After I watched sheep for long enough, and after Pokin waited for long enough to know sunrise had most definitely already certainly happened, we drove back to the hotel to get ready for our day.

Today’s agenda? Waterfalls!

Wasn’t it wet enough already?

It was still raining a little when we set out, so we decided to first swing by to the Dyrhólaey Lighthouse because at least that was visible from the car. The rain was nice enough to stop by the time we got there, so we got out.

And immediately regretted it because it was so windy. I clung on to Nicholas tightly, I was that worried about being blown away.

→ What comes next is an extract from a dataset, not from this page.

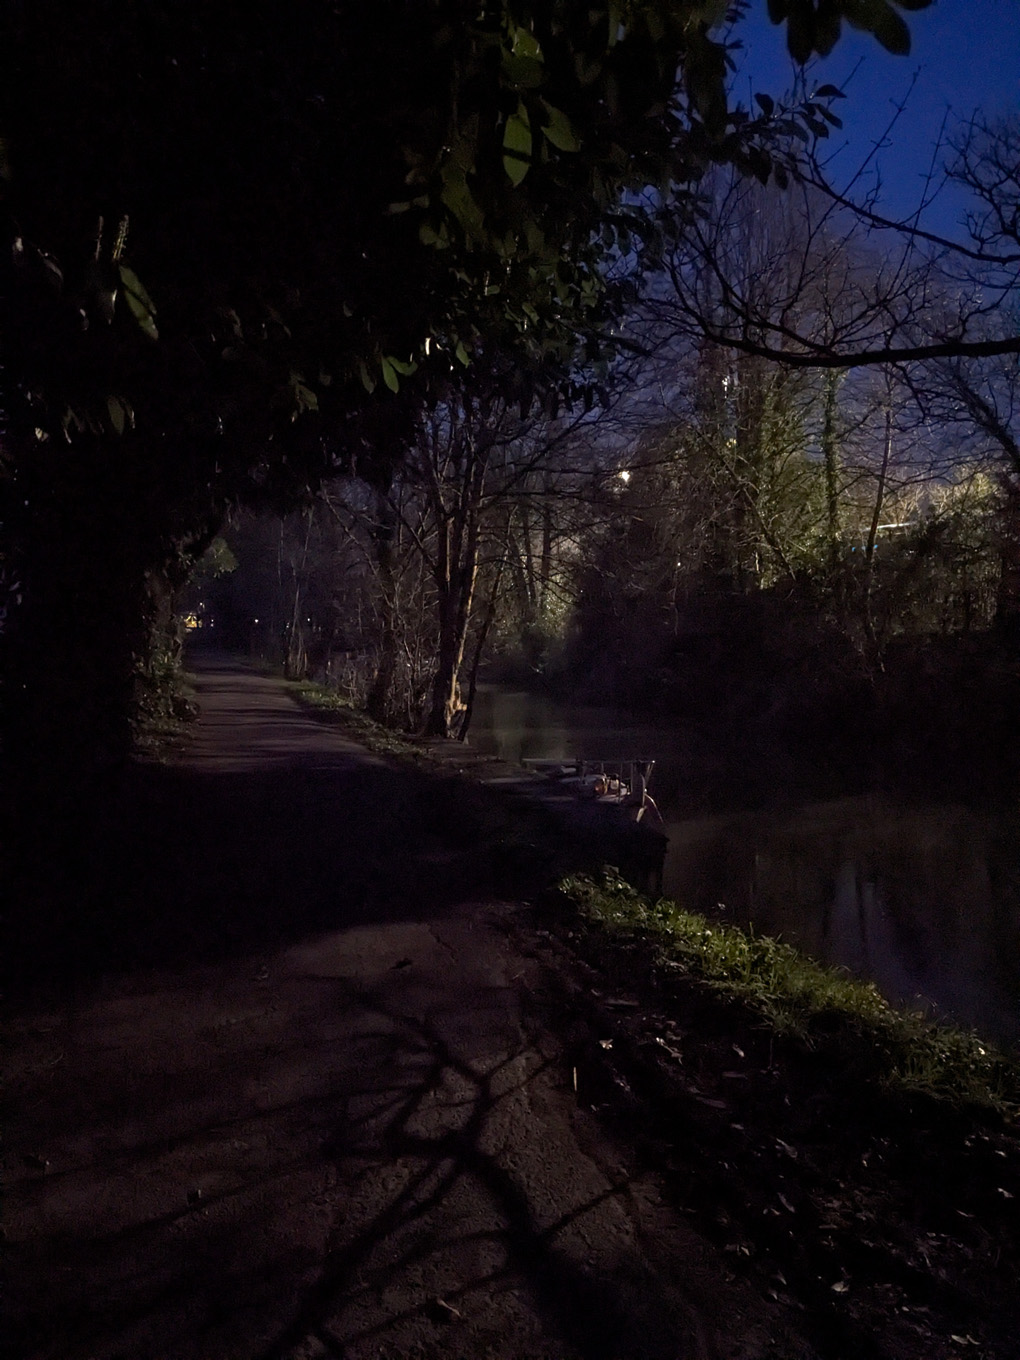 A dark canal path overhung with trees. A boat moored at the side of the path lit from the side and just a hint of blue still visible in the sky.

Dyrhólaey Lighthouse marks the southernmost point in Iceland. The light station was first built in 1910, and the actual lighthouse built in 1927. The lighthouse was prefabricated in Sweden. Dyrhólaey stands for Door Hole Isle, named for this rock structure that sat below:

Nice peninsula. Nice lighthouse. Too cold! Back in the car.

Our next stop was Kvernufoss, which is located a short drive away from the more famous and touristy Skógafoss. Pokin picked this place because she thought there would be less crowds. There were, but it was made up for with more drones, which she shortly discovered from all the buzzing she heard.

I saw more sheep. Naturally.

The waterfall was wet and sprayed water everywhere. Naturally.

I helped out where I could, while doing my best to stay dry.

And was overall glad when we were done and hiking away from this waterfall.

Even though I knew it was unlikely, I still hoped Kvernufoss would be a one and done waterfall for the day.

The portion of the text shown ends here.